To detect EdU⁺ cells, 25-μm cryosections of the spinal cord were made as above and processed through the aforementioned immunostaining procedure when necessary. After the final PBST wash, the freely-floating sections were incubated with shaking in the Click-iT reaction cocktail (Thermo Fisher Scientific, C10340) in the dark at room temperature for 1 hr. Following one PBST wash, the sections were incubated with DAPI, then further washed, mounted, and imaged as described above. For each mouse, EdU⁺ cells were counted and averaged across >3 sections.

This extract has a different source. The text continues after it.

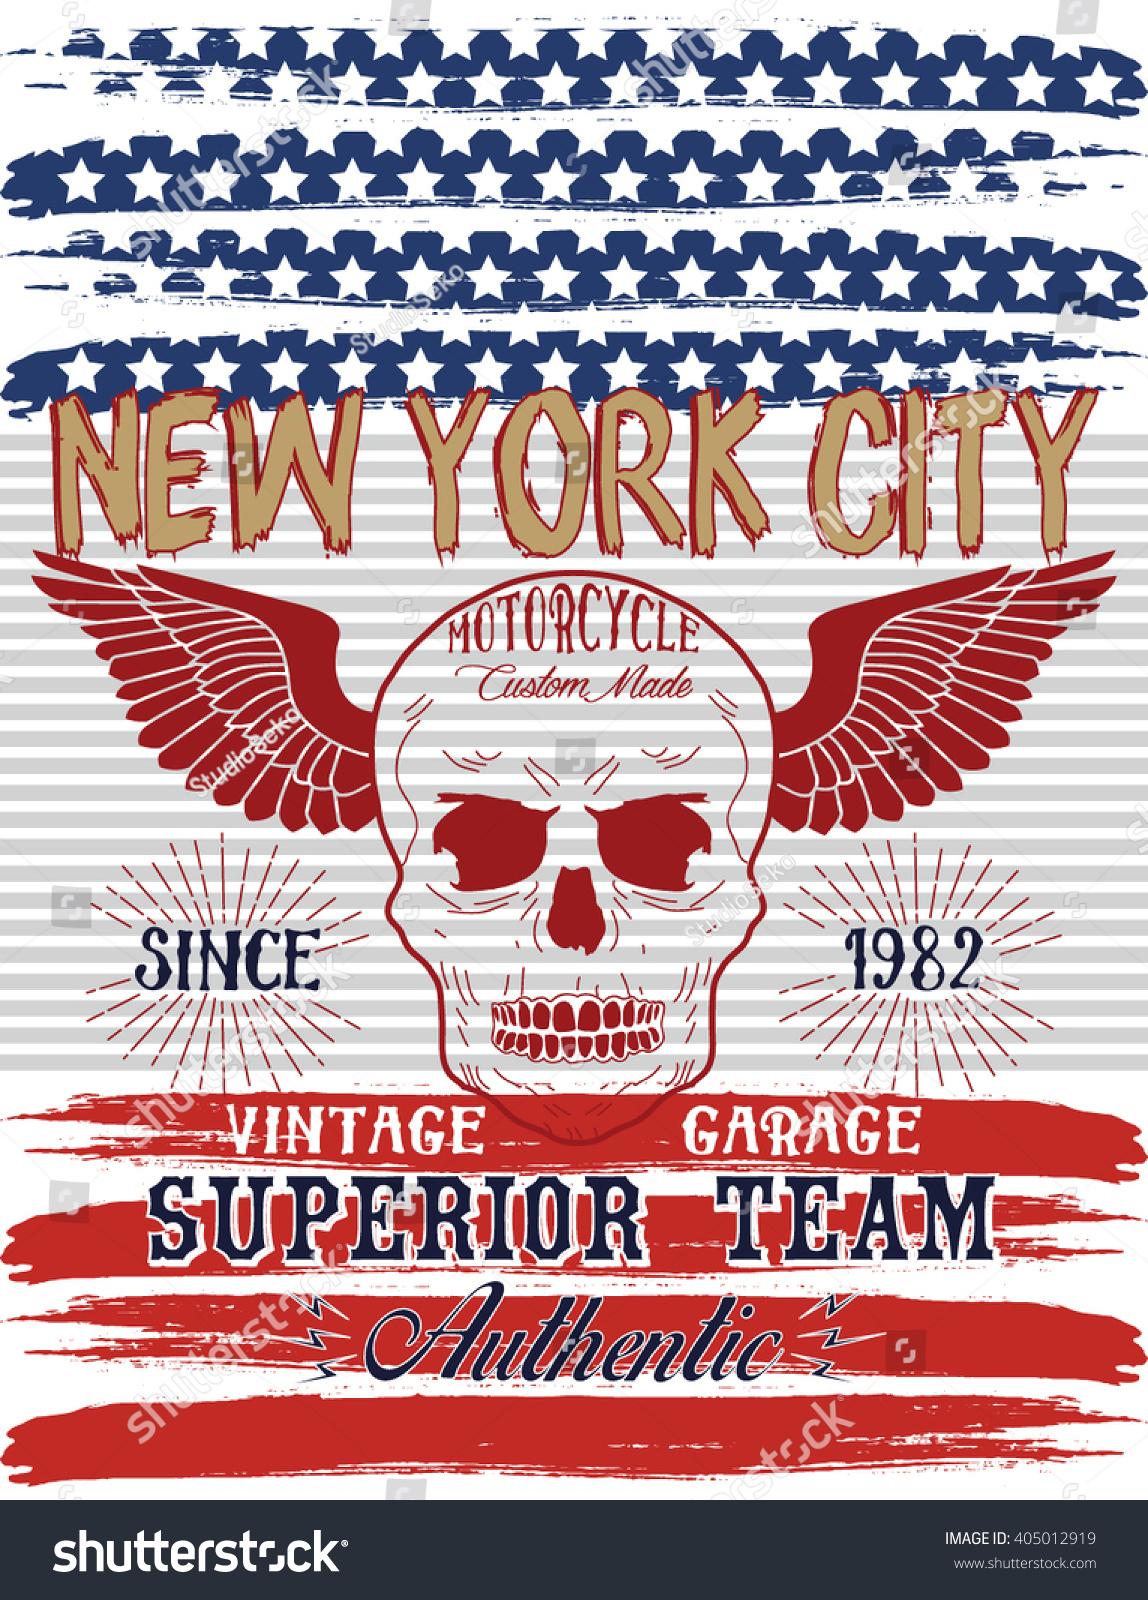 Nyc Motorcycle Vintage Garage American Flag Stock Vector Royalty Free 405012919

PLAP staining and tissue clearing

For PLAP staining of tissue sections, we prepared 50-μm cryosections of the spinal cord and brainstem from perfused mice as described above. To inactivate endogenous alkaline phosphatase activity, the samples were heated up in PBS in a 72°C water bath for 1 hr. The sections were washed twice in Buffer 1 (100 mM Tris base, 150 mM NaCl, pH 7.5) and twice in Buffer 2 (100 mM Tris base, 100 mM NaCl, 50 mM MgCl₂, pH 9.5) before being transferred to the staining buffer (2% NBT-BCIP stock solution [Sigma-Aldrich, 11681451001] in Buffer 2). Samples were allowed to be stained for 30 min in the dark and were then dehydrated through a series of increasing methanol concentration (20%, 40%, 60%, 80%, 100%, room temperature, 30 min each). After mounting, images were taken with a Nikon Ti Inverted Microscope (UCSF Center for Advanced Light Microscopy). Stitched images were generated by NIS-Elements (Nikon Instruments).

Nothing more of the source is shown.